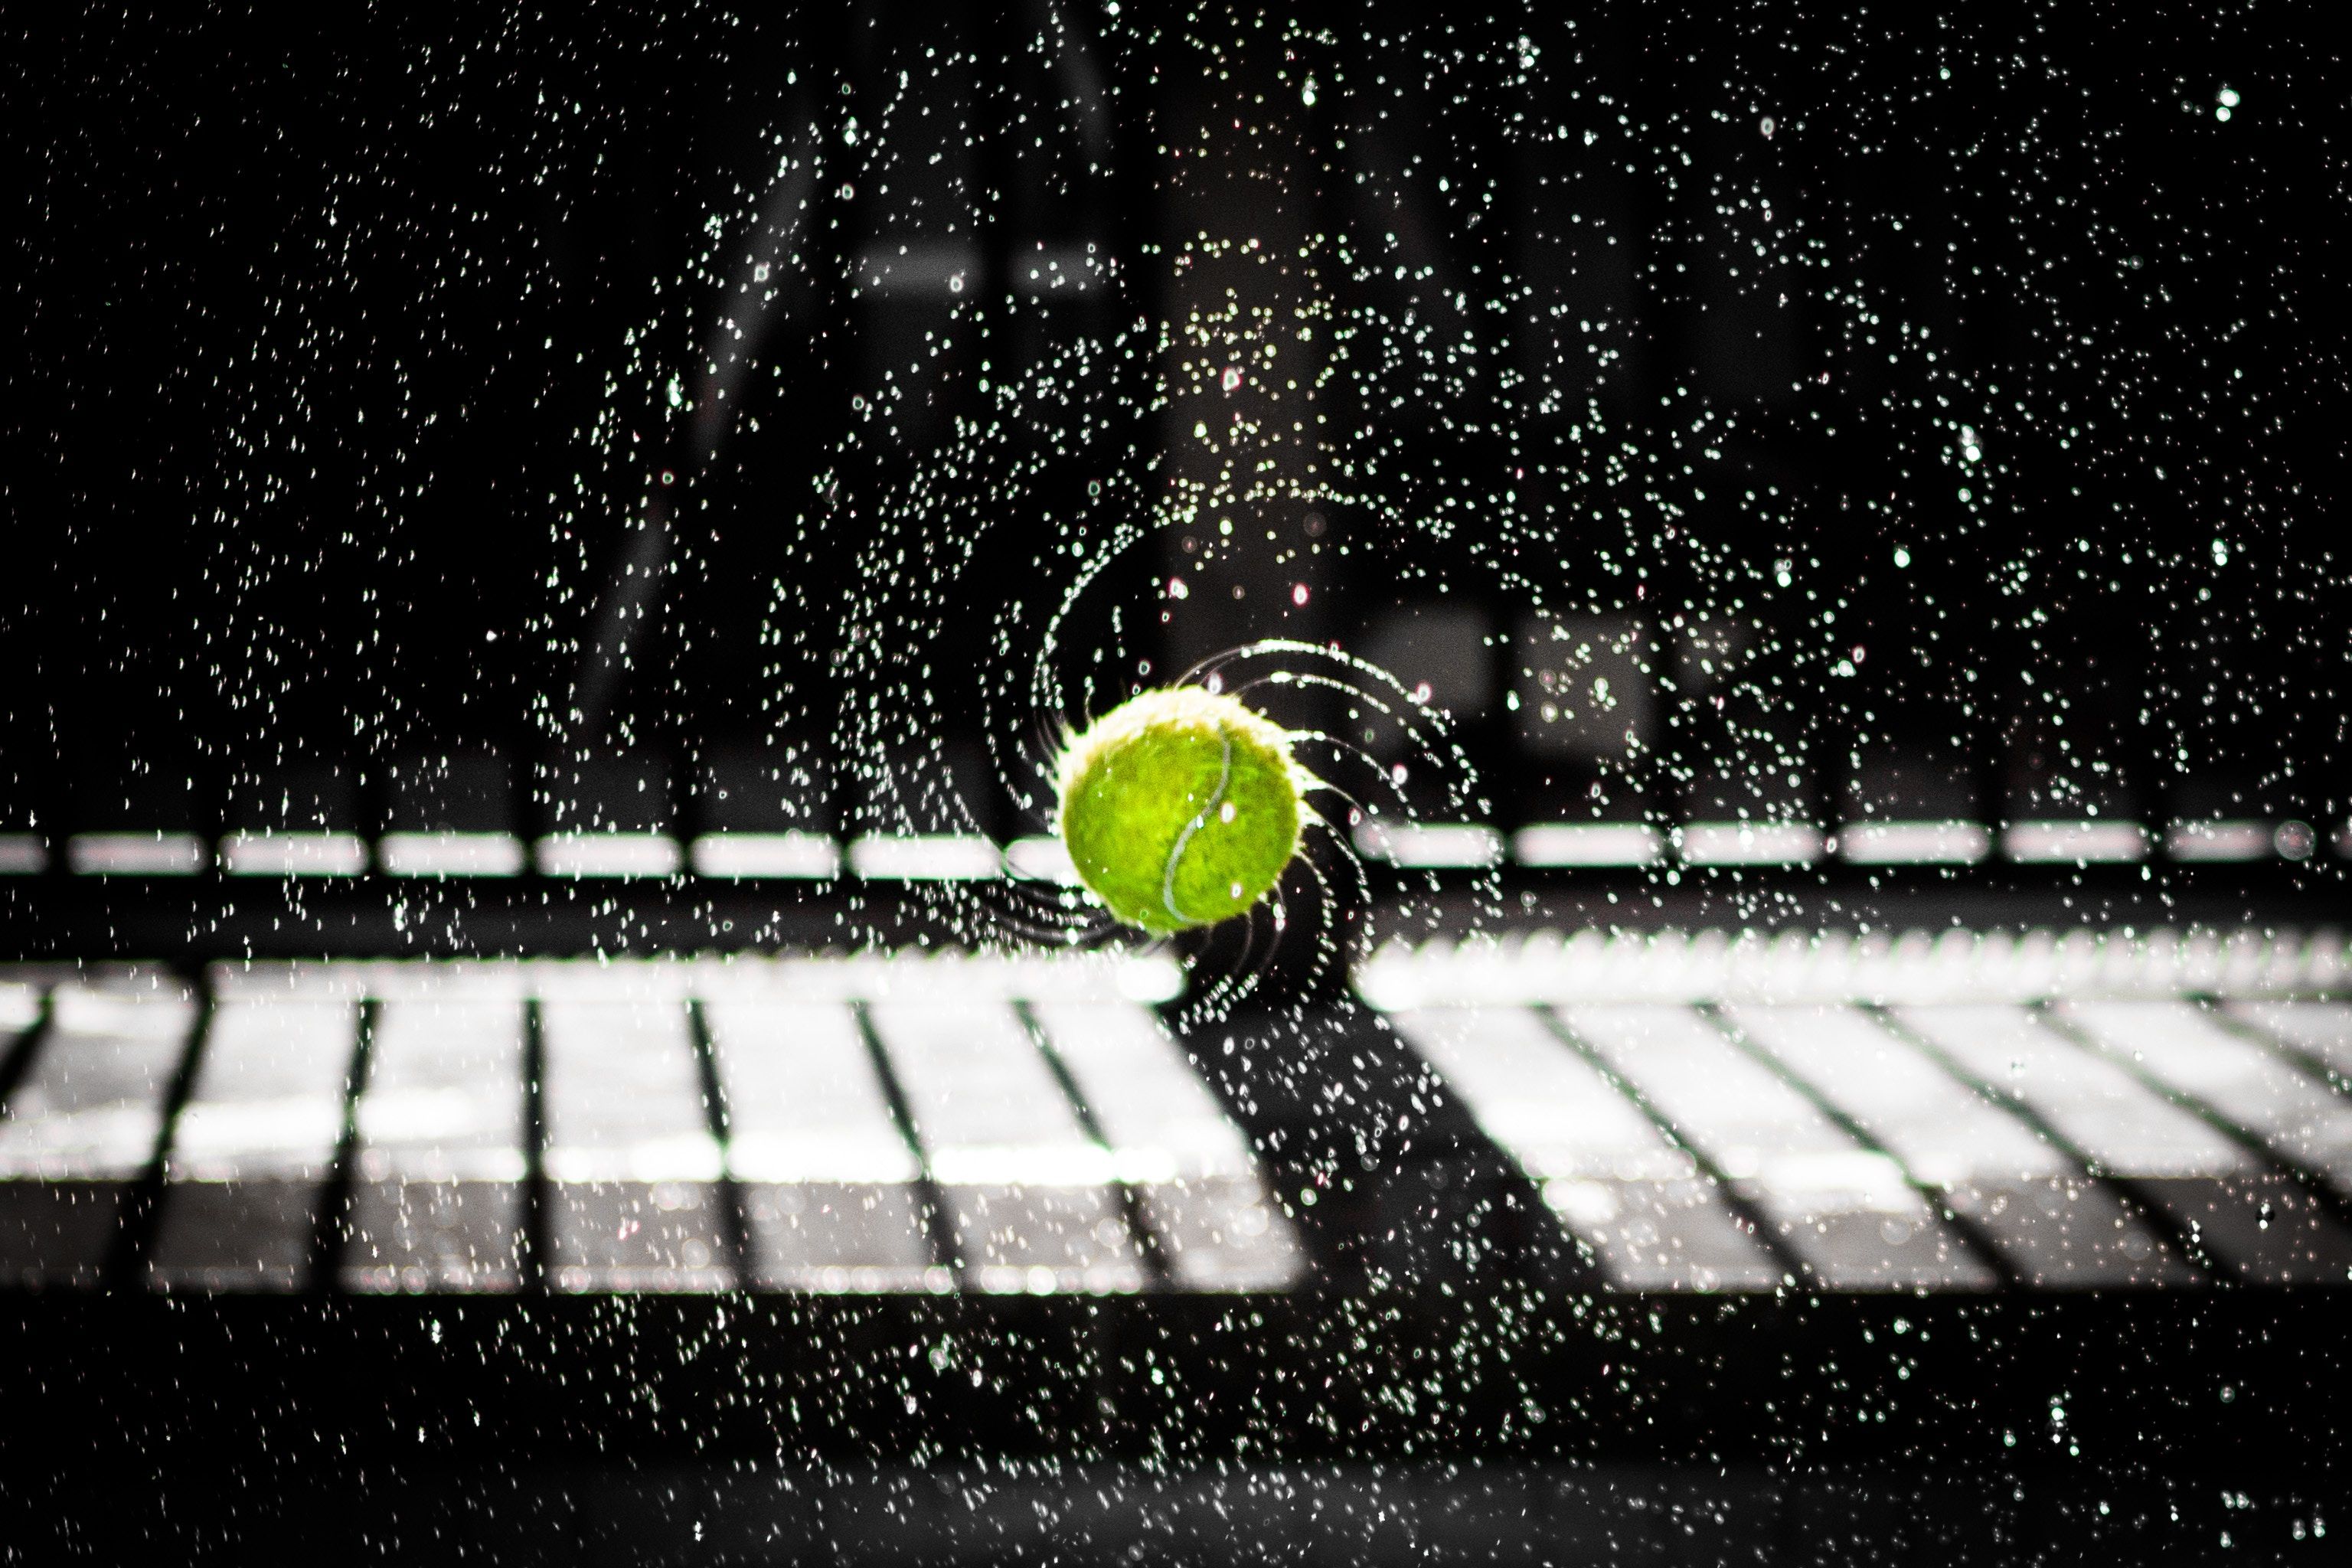  Tennis Hintergrundbild 3072x2048. 3072x2048 tennis ball, fast, victorium, sports background, australia, exploring, speed, tenni, spiral, fun, curl, playing, spin, christmas, sports wallpaper, ball, wallpaper, Public domain image, spray, water, fling.me!
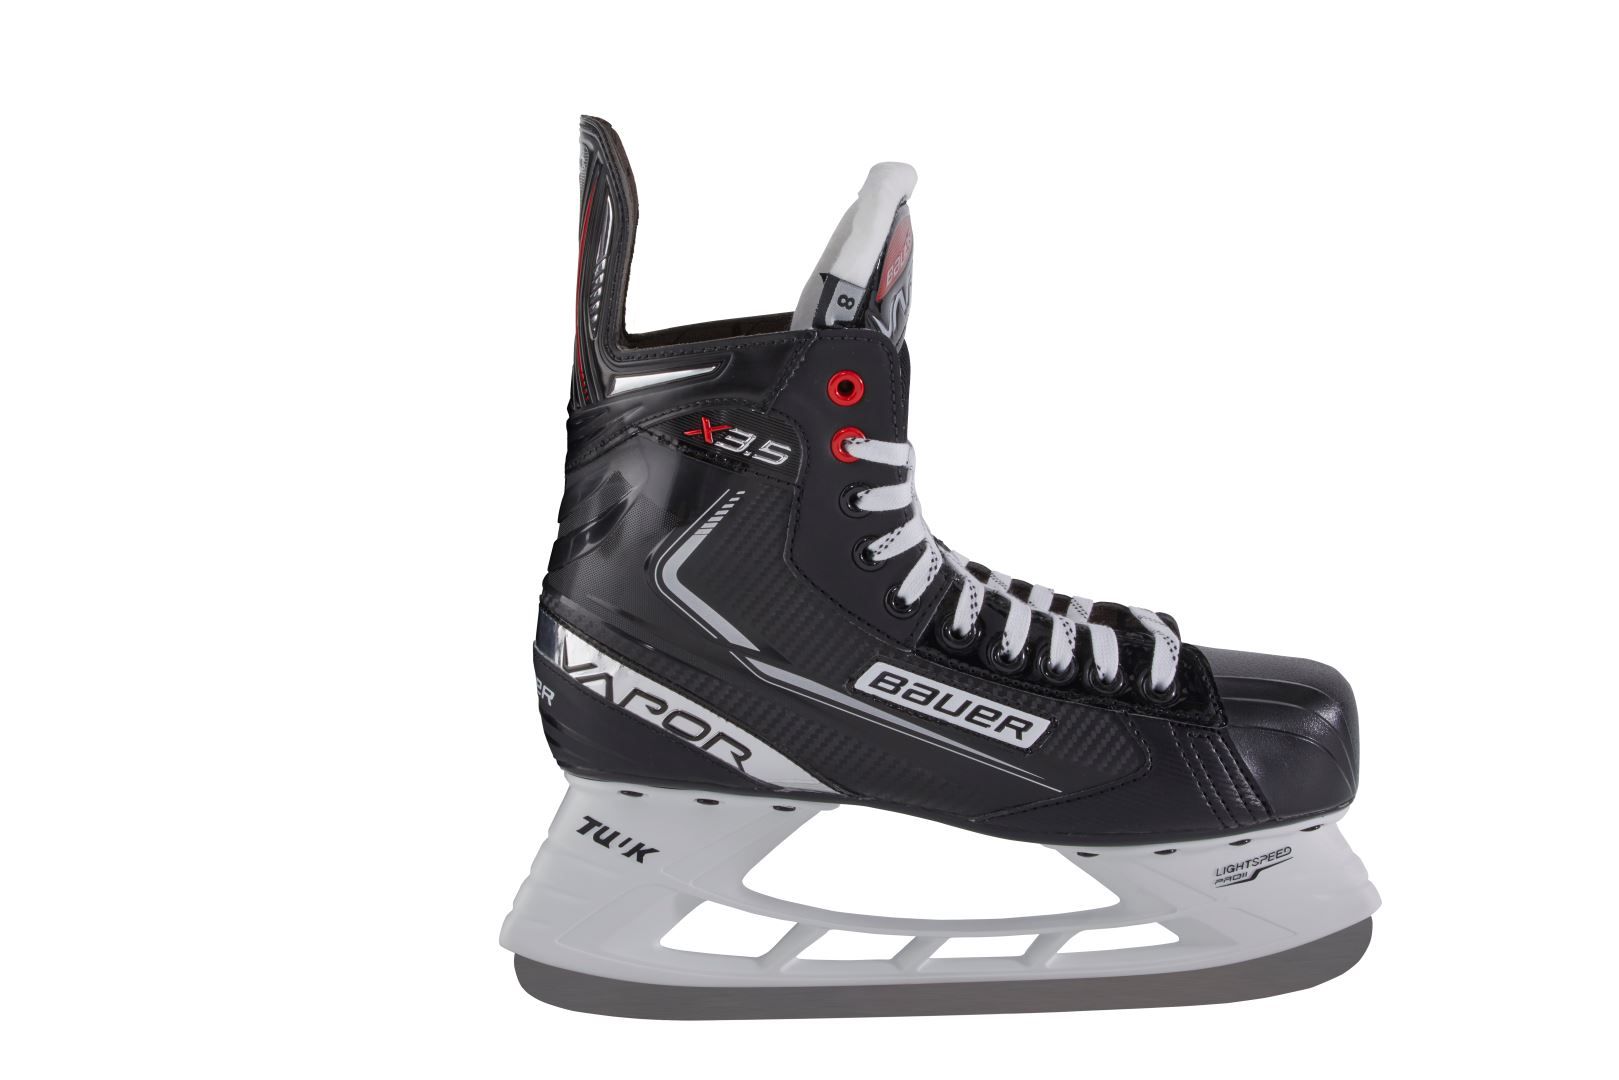 Touhou Vete maximaliseren IJshockey: Bauer Vapor X 3.5 skate
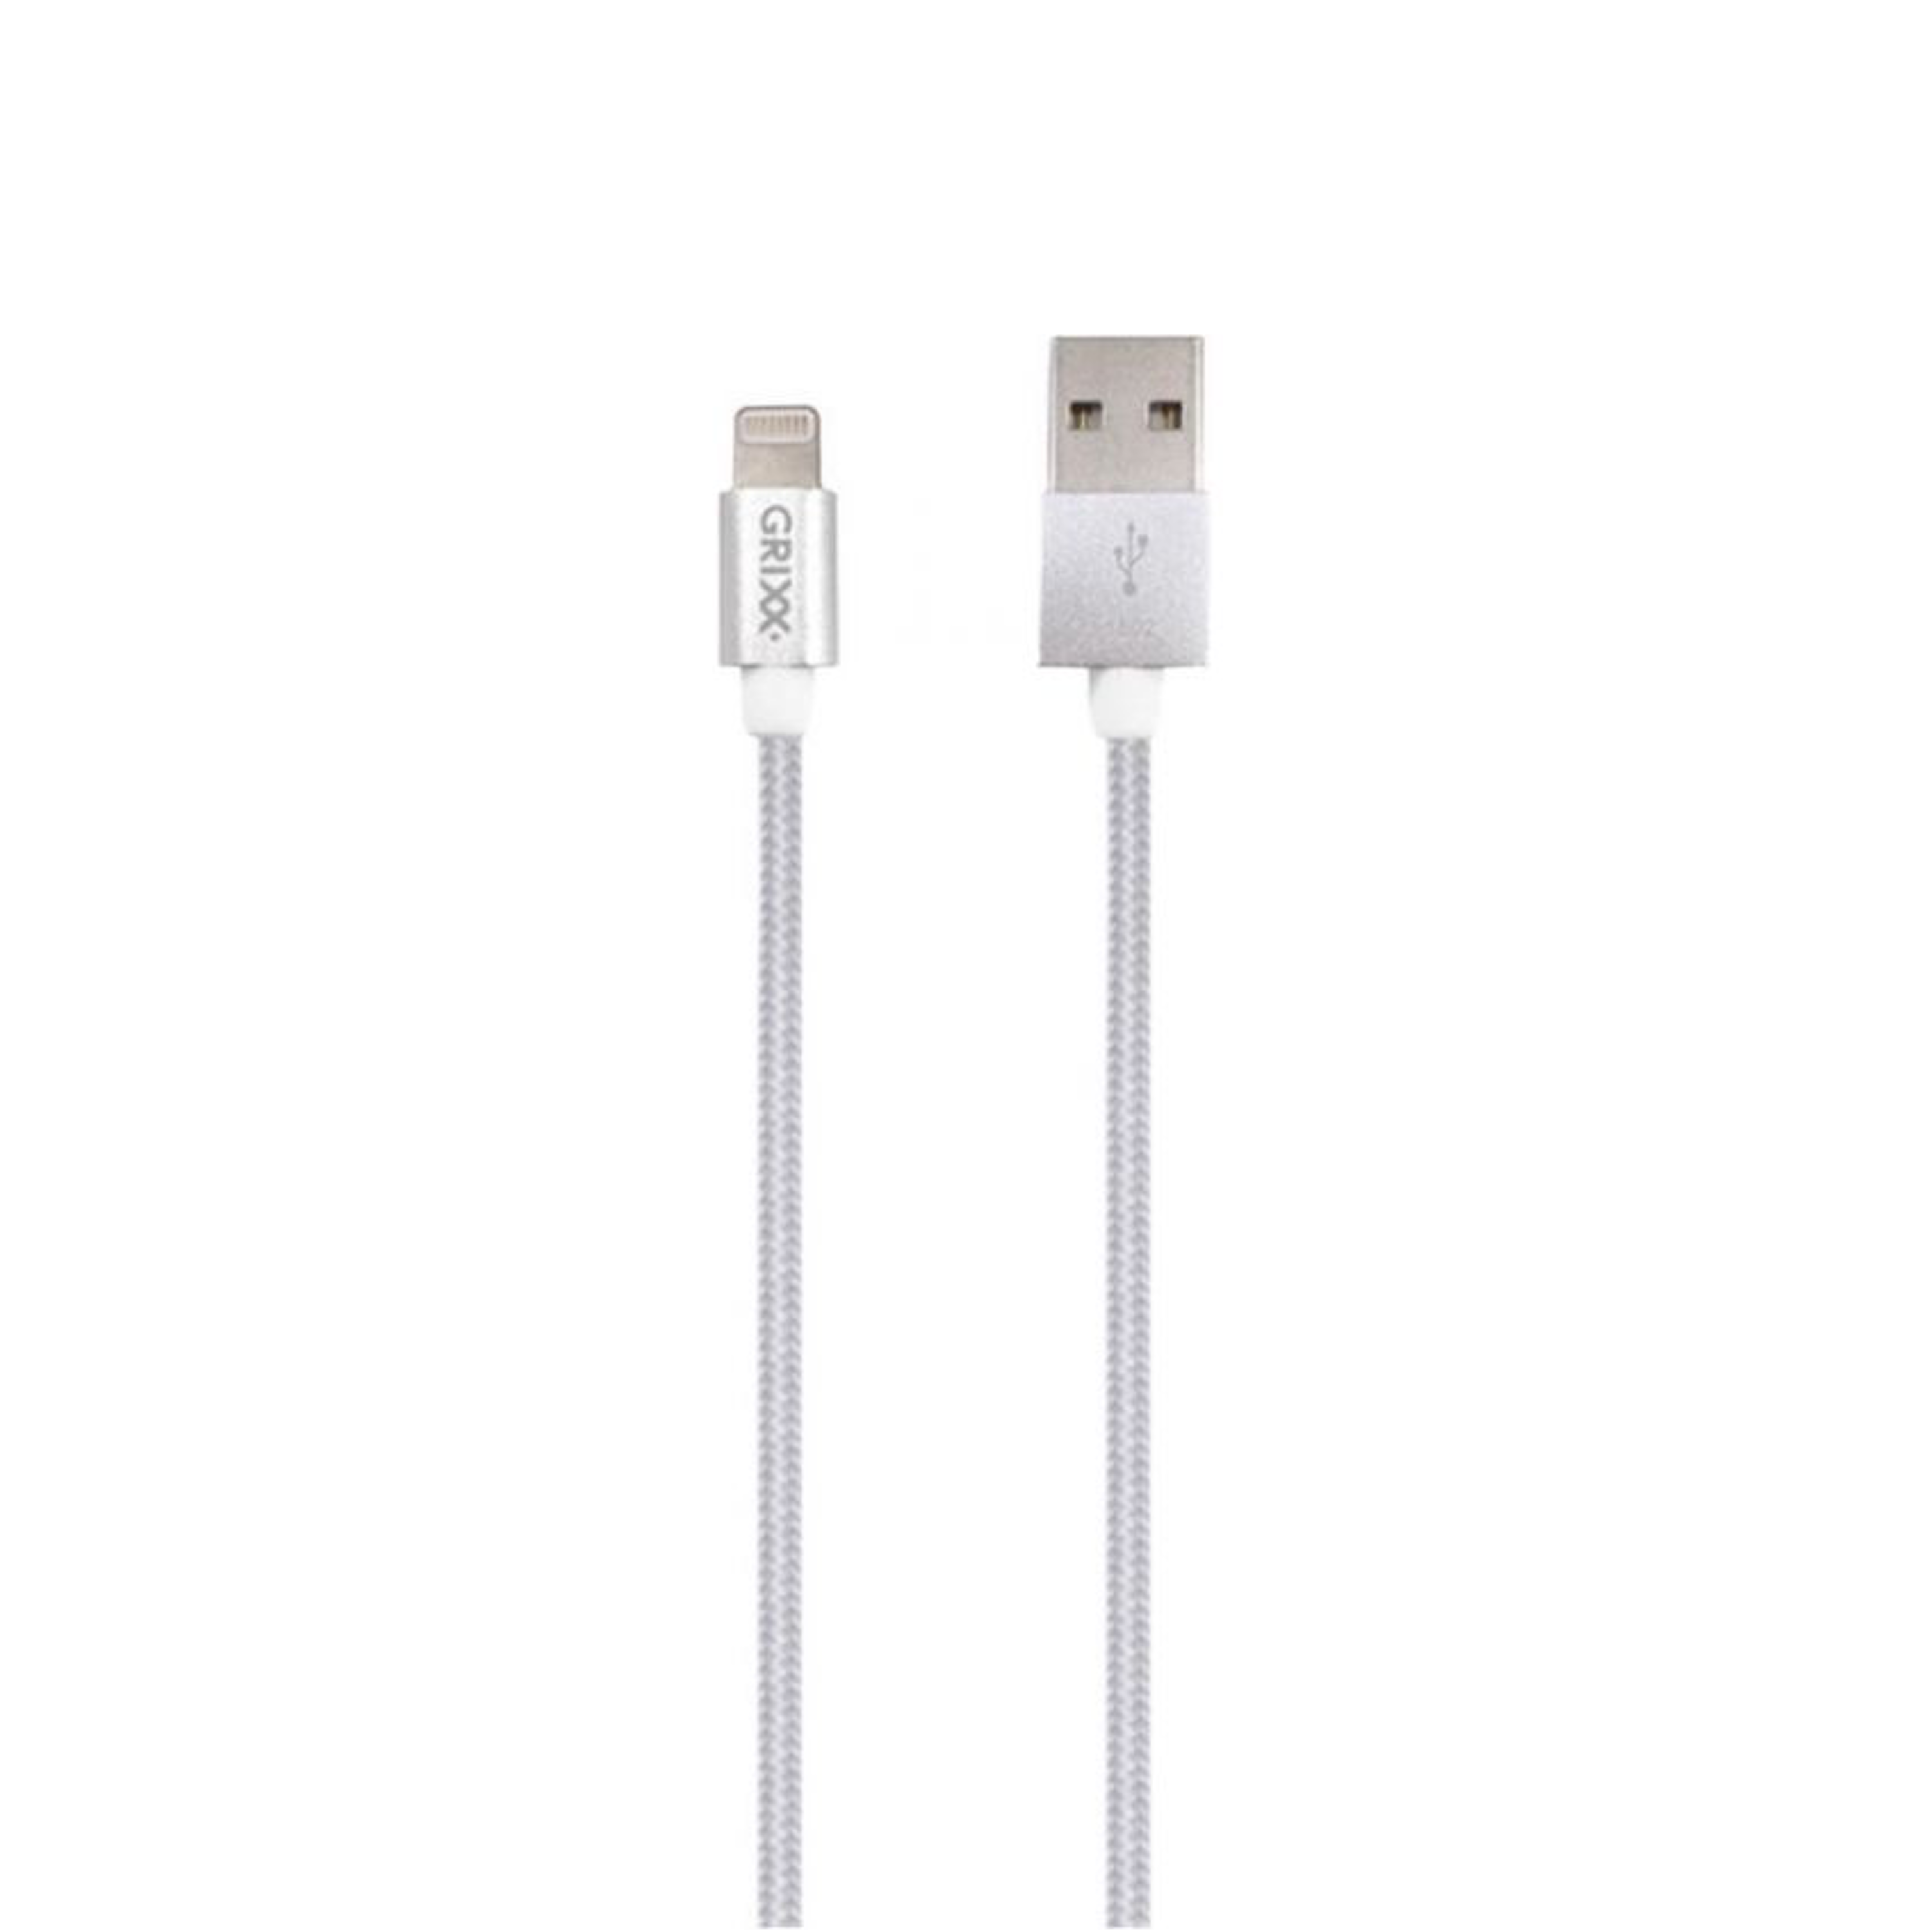 PHILIPS Grixx Weiß Lightning USB-A auf Kabel Optimum

----------------------------------------

Problem details
Nothing should appear in the answer except the lines from the first line of the data through the line holding "Touhou Vete maximaliseren", exactly as written, with pictures left out.

Exercise response
  Tennis Hintergrundbild 3072x2048. 3072x2048 tennis ball, fast, victorium, sports background, australia, exploring, speed, tenni, spiral, fun, curl, playing, spin, christmas, sports wallpaper, ball, wallpaper, Public domain image, spray, water, fling.me!
 Touhou Vete maximaliseren IJshockey: Bauer Vapor X 3.5 skate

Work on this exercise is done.